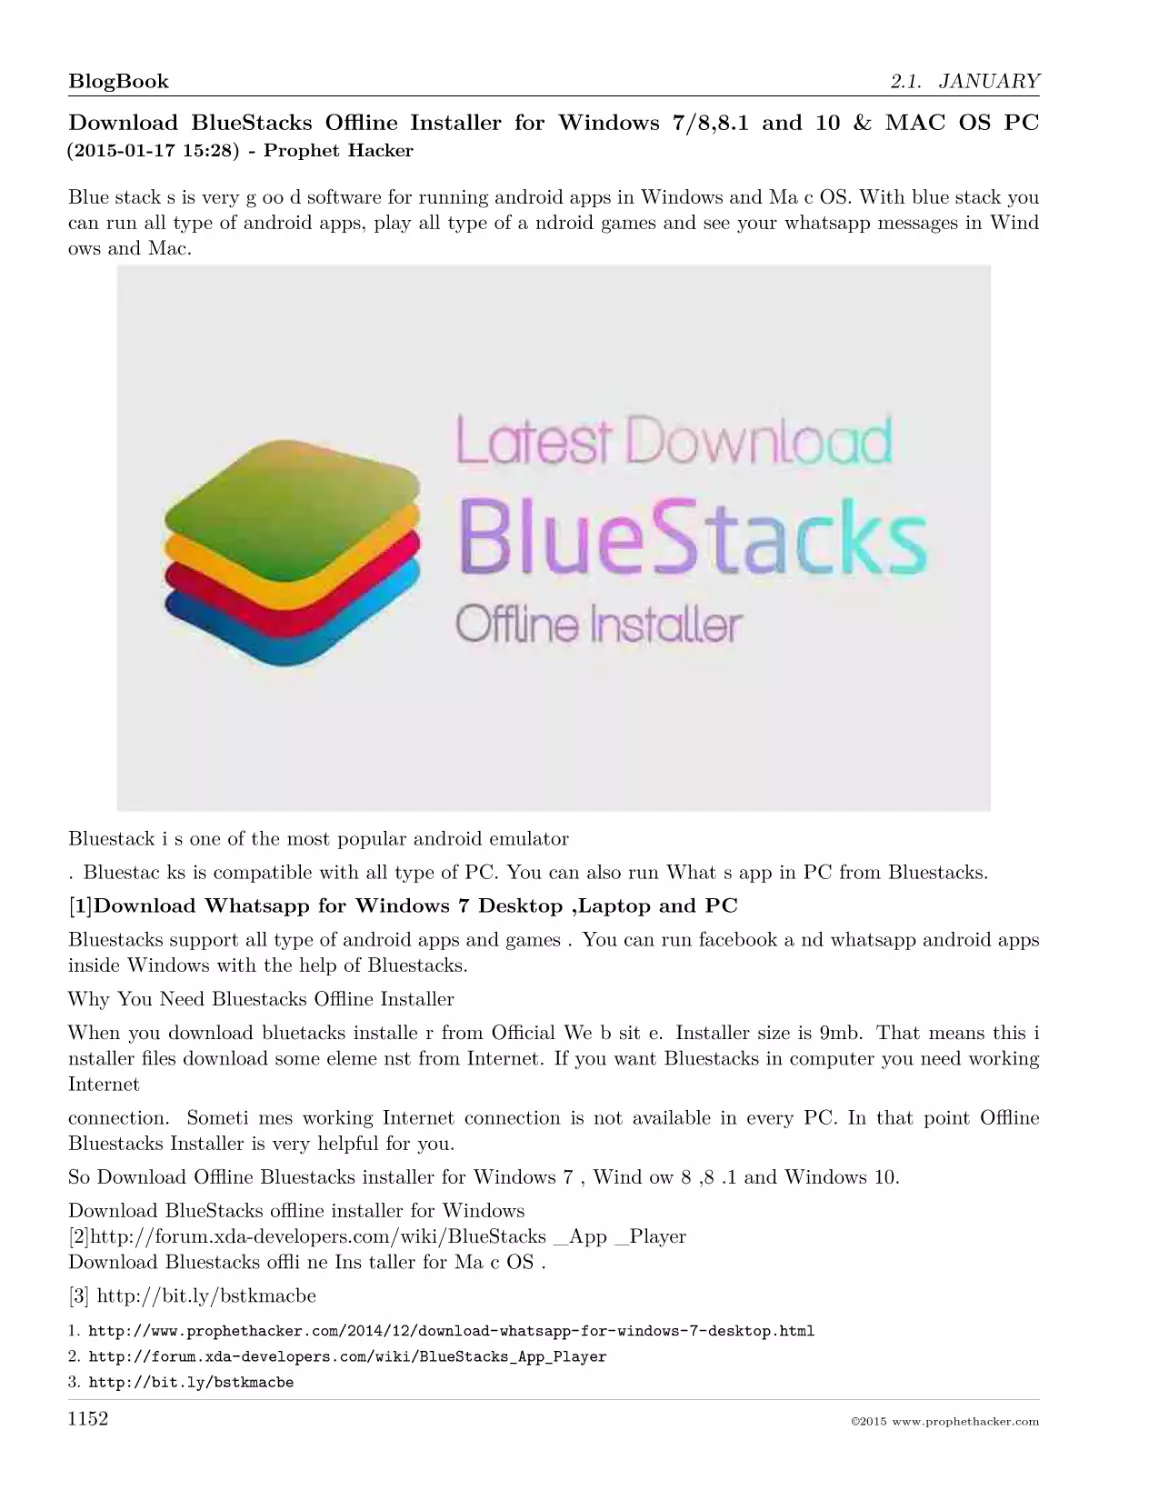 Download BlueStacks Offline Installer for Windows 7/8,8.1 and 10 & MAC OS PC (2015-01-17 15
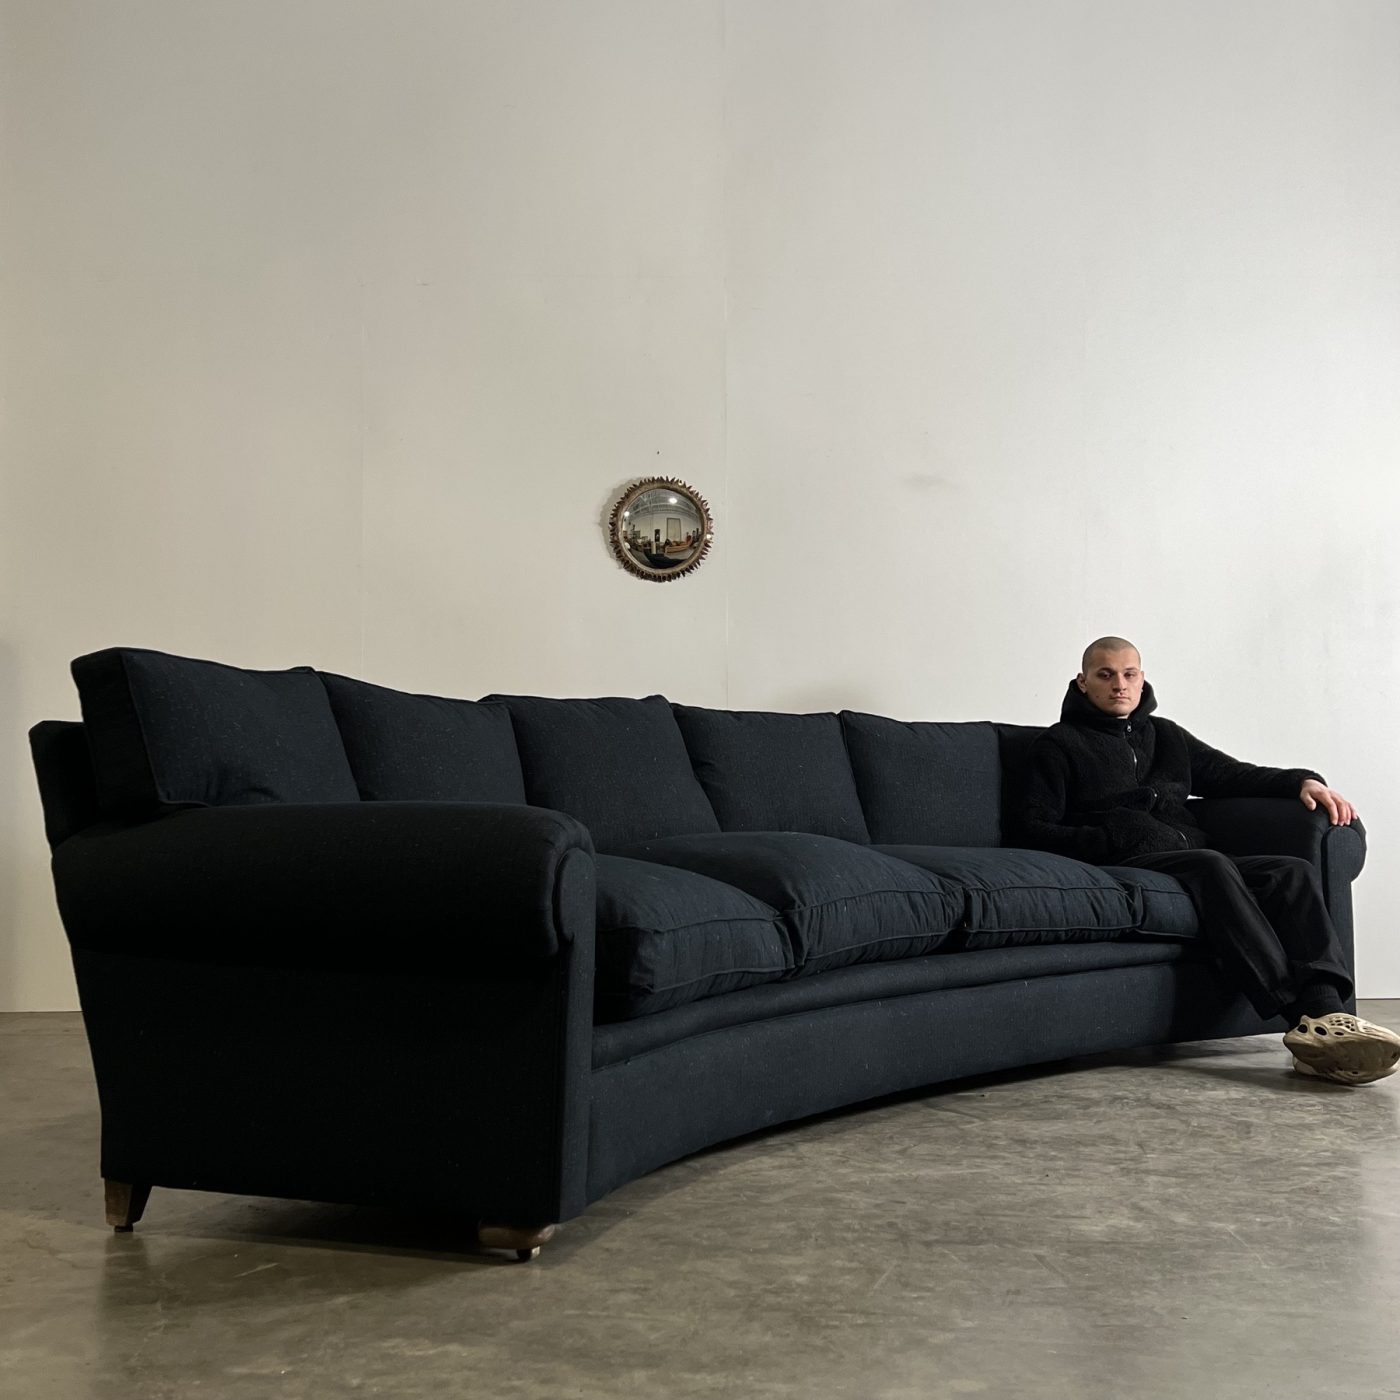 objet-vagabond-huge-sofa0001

==

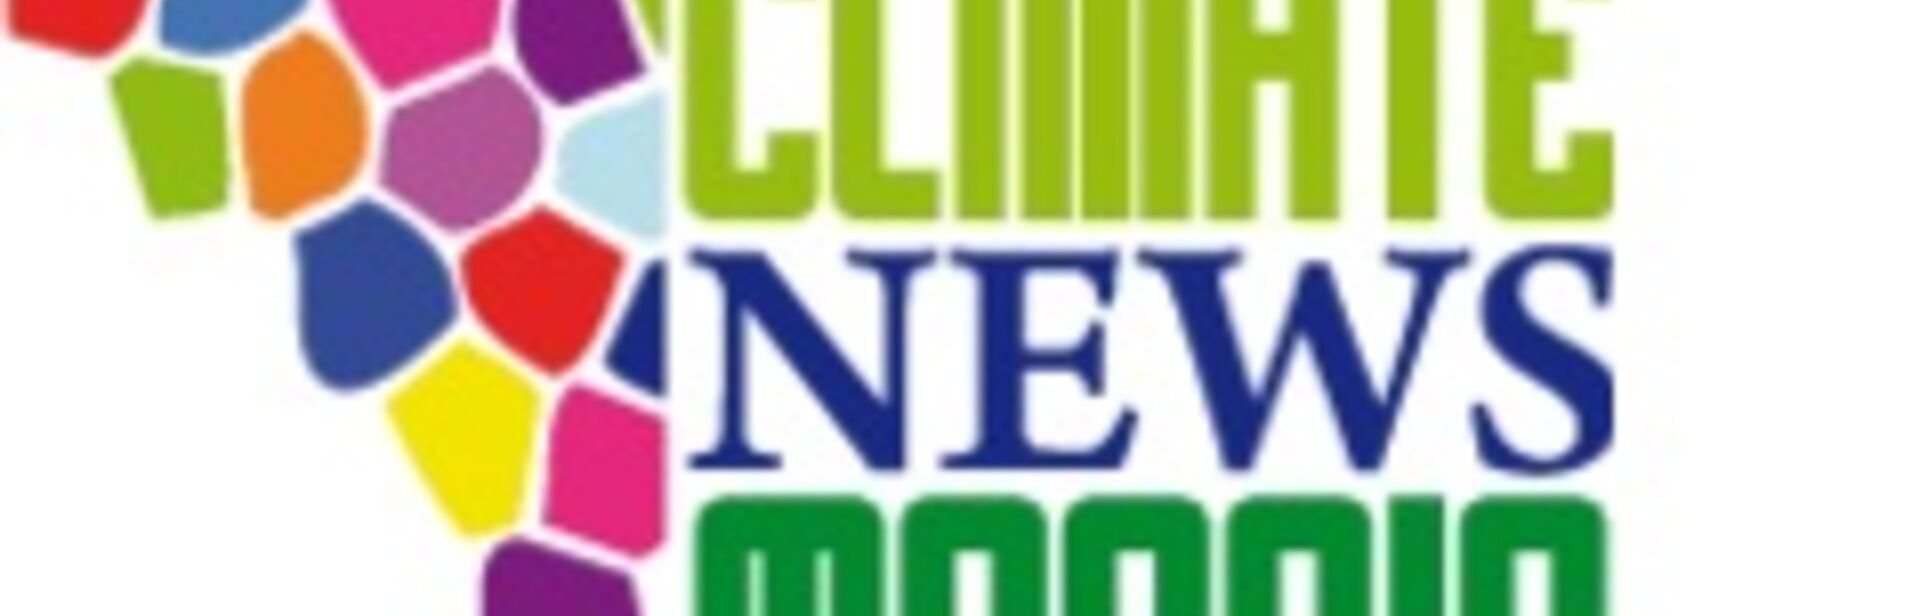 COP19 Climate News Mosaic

→ Assignment
Repeat exactly the lines above, from the line that contains "Download BlueStacks Offline" down through the line that contains "objet-vagabond-huge-sofa0001". Include both of those lines and none of the pictures.

→ Finished exercise
 Download BlueStacks Offline Installer for Windows 7/8,8.1 and 10 & MAC OS PC (2015-01-17 15
 objet-vagabond-huge-sofa0001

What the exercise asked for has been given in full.